Alfira membuka knop pintu rumahnya pelan-pelan. Lampu di rumah itu masih belum ada yang dinyalakan, gelap-gulita seperti tanpa penghuni. Untung saja, nasib baik masih berpihak kepada Alfira, sepertinya ayah dan kakaknya tidak ada di rumah, mungkin masih ada urusan di luar.
Alfira menghela napasnya lega. Ia kemudian berjalan dengan santai untuk menyalakan sakelar lampu rumahnya.
•••
Alfira menggeliat katika merasakan sinar matahari pagi yang merembes masuk lewat jendelanya. Perlahan, ia mengusap kedua matanya untuk melihat jam di atas nakas.
"Ya ampun! Aku kesiangan,” ucap Alfira seraya menyibak selimut yang masih menbungkus setengah badannya. Ia segera masuk ke kanar mandi setelah mengambil handuk di belakang pintu dengan langkah tergesa-gesa.
Setelah hanya lima menit membersihkan diri, Alfira langsung bergegas mempersiapkan diri untuk berangkat kesekolah.
•••
Bell masuk berbunyi sesaat setelah Alfira memasuki gerbang sekolah, beruntung ia tidak terlambat karena ikut tetangganya yang kebetulan akan ke pasar di dekat sekolah. Satu menit saja ia terlambat, sudah di pastikan ia tidak di perbolehkan masuk oleh satpam sekolah.
Alfira berjalan menuju kelasnya seperti biasa, tampak beberapa siswa lain juga yang tergesa-gesa berjalan di sekolah. Alfira sedikit merasakan keanehan pada pandangan orang-orang yang melewatinya, ia merasakan kebanyakan siswa perempuan memandanginya dengan tatapan sinis.
Alfira sudah bisa menebak itu, pasti karena ulah Elvan kemarin. Ia kembali acuh dan terus berjalan menuju ruang kelasnya.

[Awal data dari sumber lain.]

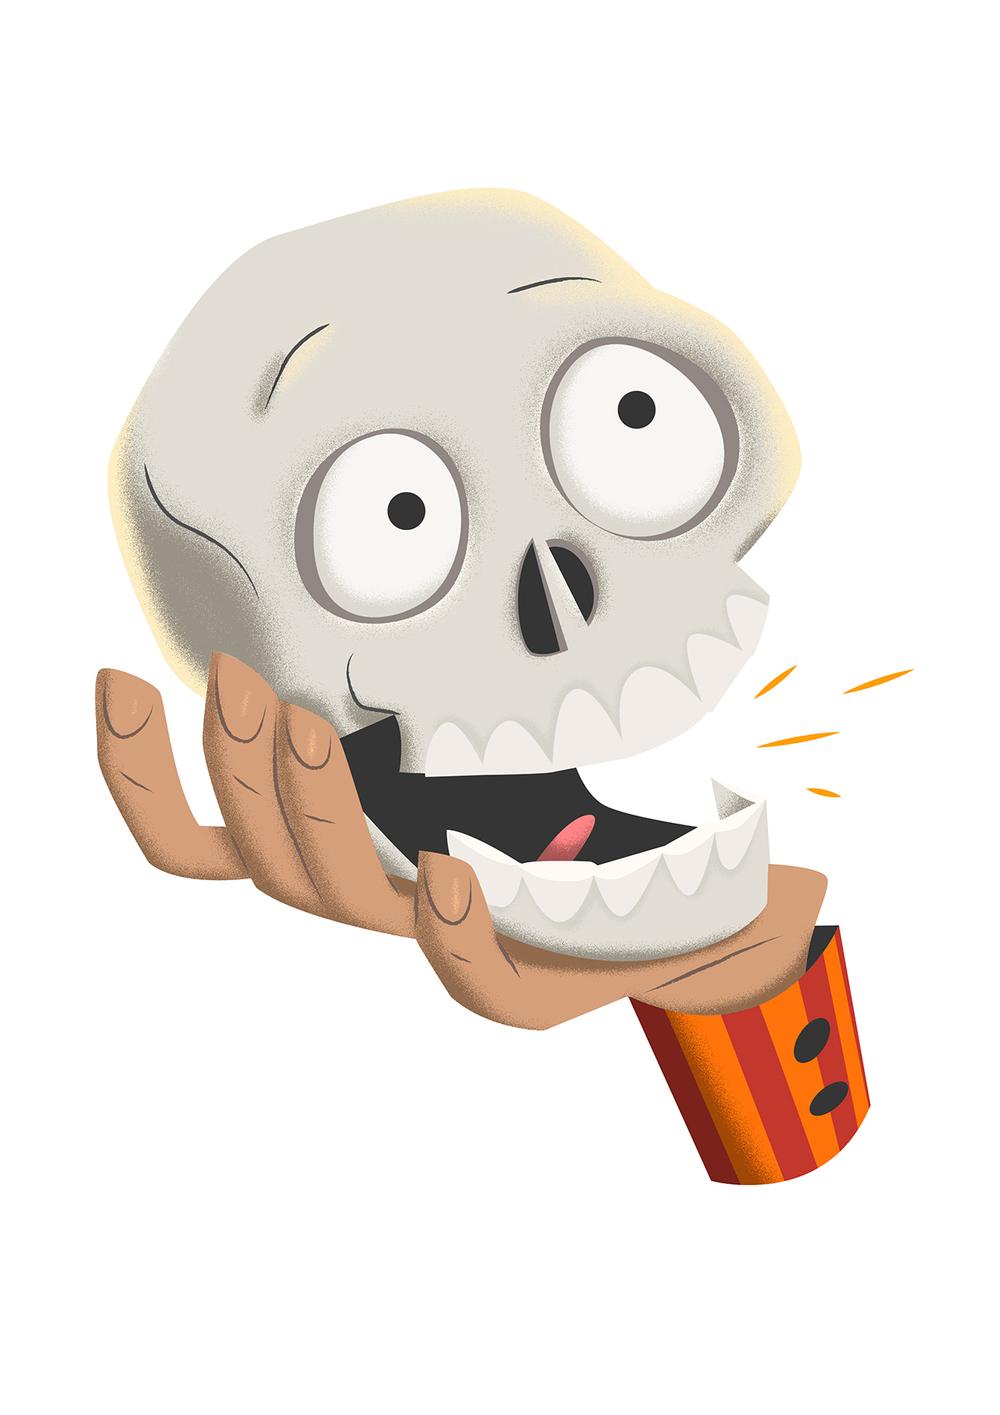 Performer - Jorrick skull - 8-10-2014.jpg
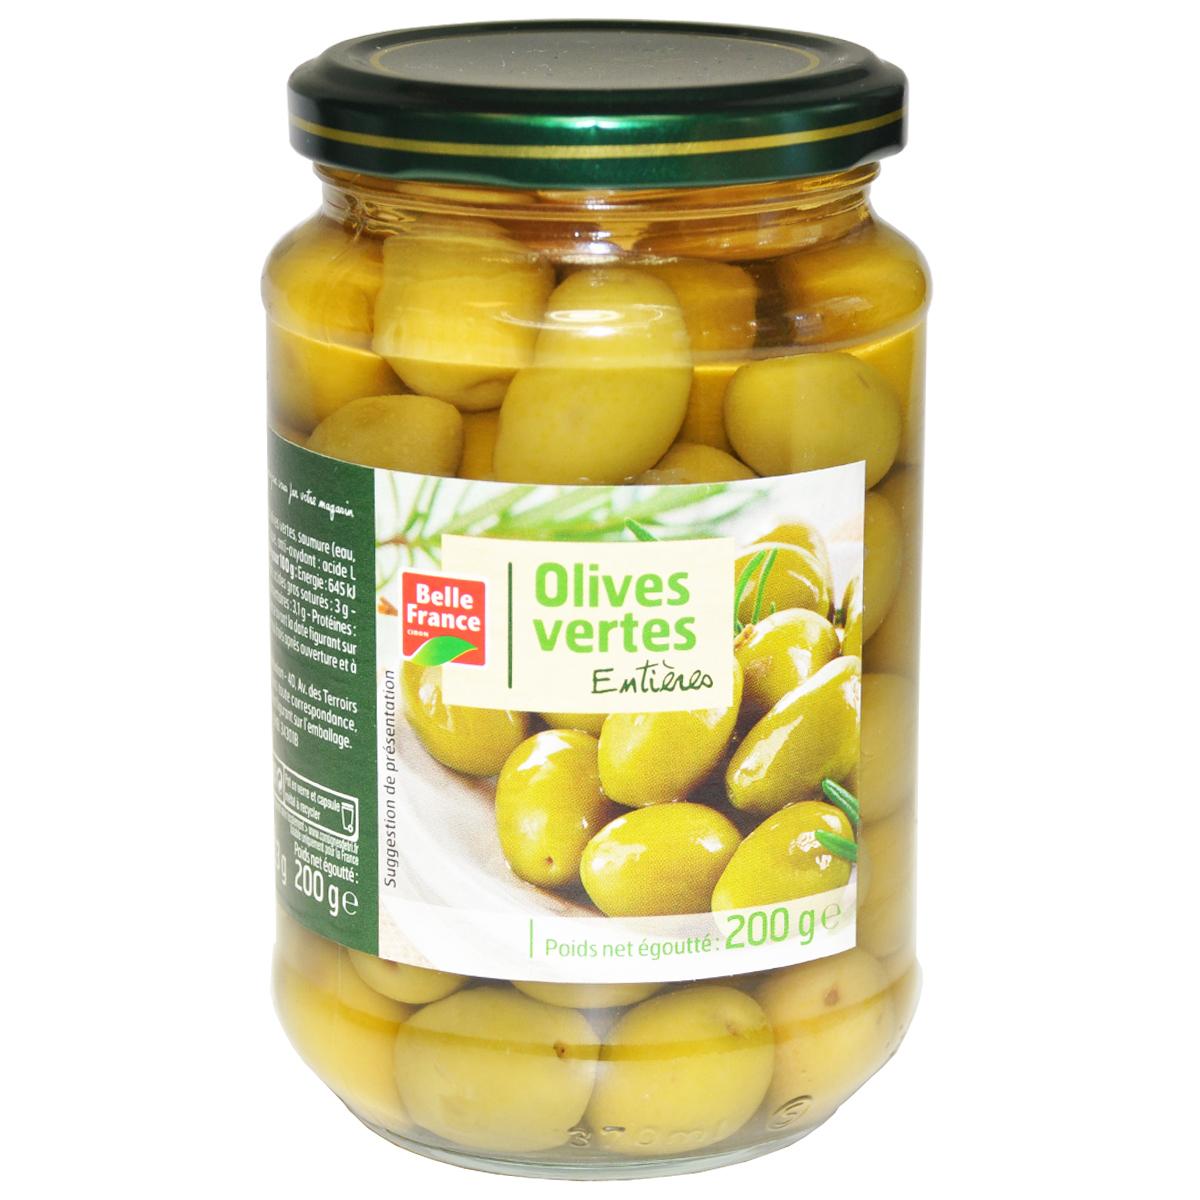 Оливки зеленые натуральные с косточками Bell France 200г

Setibanya di ruang kelas, Alfira kembali merasa canggung karena semua mata tertuju padanya dengan bisik-bisik yang masih sedikit didengarnya.
Tak lama setelah ia duduk di kursinya seorang gadis dengan rambut sebahu datang secara tiba-tiba di depan mejanya.
“Sejak kapan lo pacaran sama Elvan?" tanya gadis dengan papan nama Elsa itu. Tangannya tidak diam begitu saja, Elsa terus membuka rambut yang menutupi wajah Alfira untuk memastikan apa yang ia lihat benar adanya. Gadis yang diposting Elvan adalah Alfira.
Sedangkan di sini, Alfira terus mengabaikan pertanyaan itu, dan tetap melakukan kegiatannya. Membuat semua orang tidak suka melihat kediamannya yang terkesan sombong.
Tak lama berselang, untung saja Pak Handoko memasuki kelas tepat waktu sebelum perpecahan terjadi. Banyak siswi yang berniat memberikan pelajaran atas diamnya Alfira yang membuat mereka marah.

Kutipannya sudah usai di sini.